Distributed data caches are resilient by design because they should automatically replicate data stored in the cache to one or more backup servers, guided by the policies defined by an administrator and executed in a consistent controlled manner. If one server fails, then another server provides the data (the more replicas, the more resilient the cache). Note, distributed data caches can be vulnerable to data center outages if all the compute servers are located in the same physical data center. To address this weakness, the distributed caching mechanism should offer special WAN features to replicate and recover data across multiple physical locations. The improvement in resilience reduces the risk of expensive system down-time due to hardware or software failure, allowing the business to continue operating albeit with reduced performance, during partial outages. An added benefit of this architecture composed of discrete units working together would enable rapid development and a controlled introduction of new features in response to changing requirements without the need for a big-bang rollout approach.

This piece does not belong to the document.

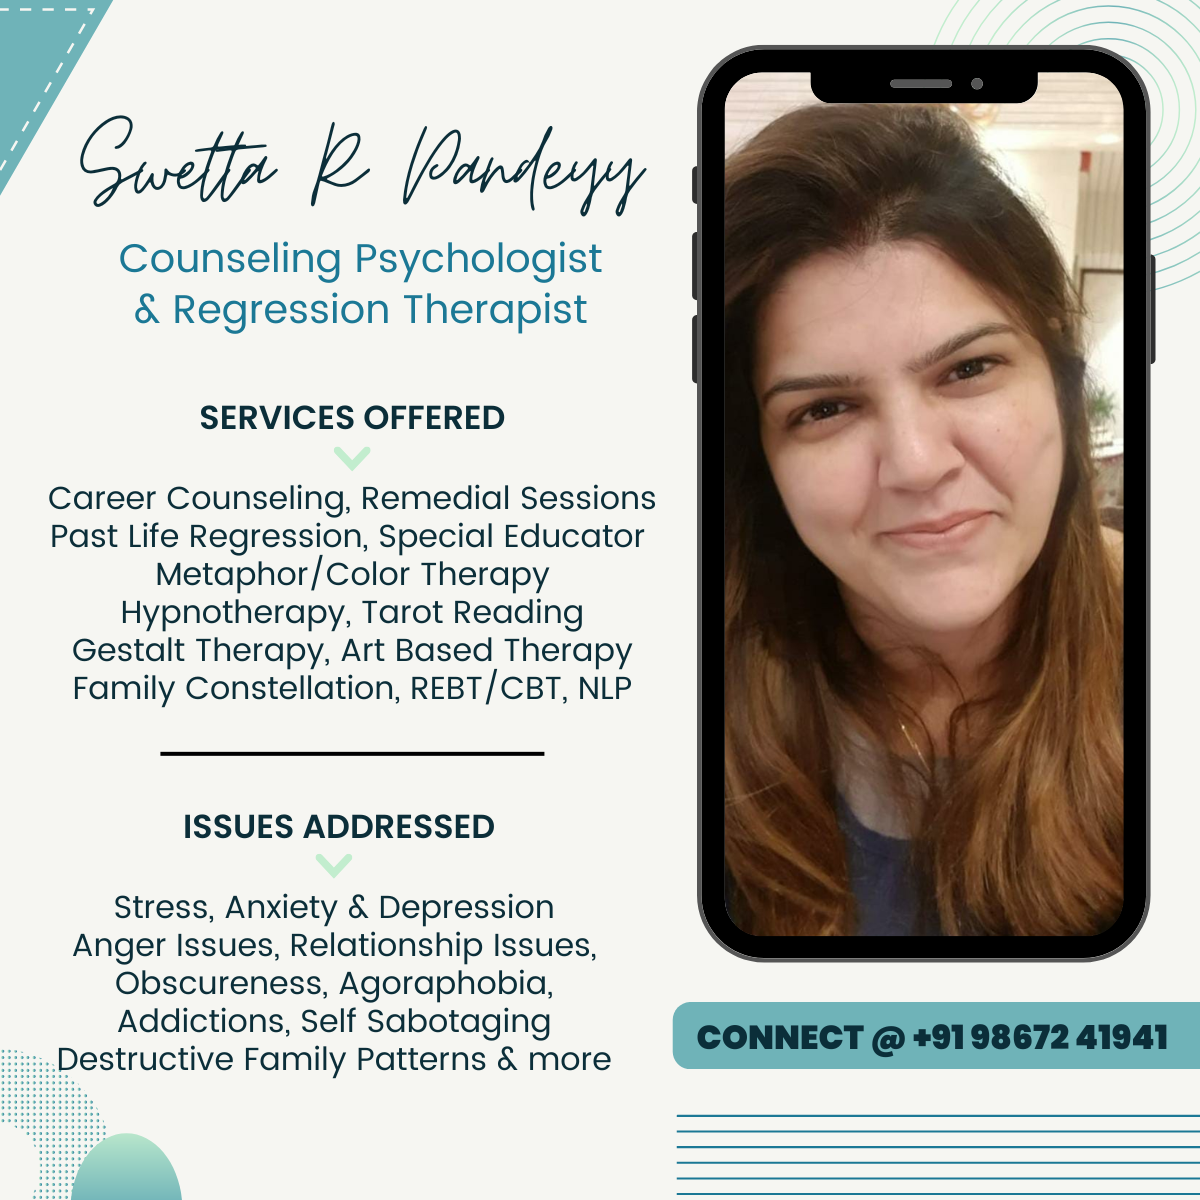 Sweta R Pandey - Counselling Psychologist & Regression Therapist- Rishikesh

The platform is prepared to meet demanding performance requirements

A performance characteristic of distributed caches is that they store data in fast-access memory rather than on disk, although backing store on disk may be an option. Since this data spans multiple servers, there is no bottleneck or single point of failure. Using this advanced elastic application platform provides a means to ensure that cached data will tend to be on the same server where application code is processing, reducing network latency. We can do this by implementing a “near-cache” concept that places data on the server running the application using that data or by directly managing application code execution in the platform, placing adjacent code and data in cache nodes that are on the same server.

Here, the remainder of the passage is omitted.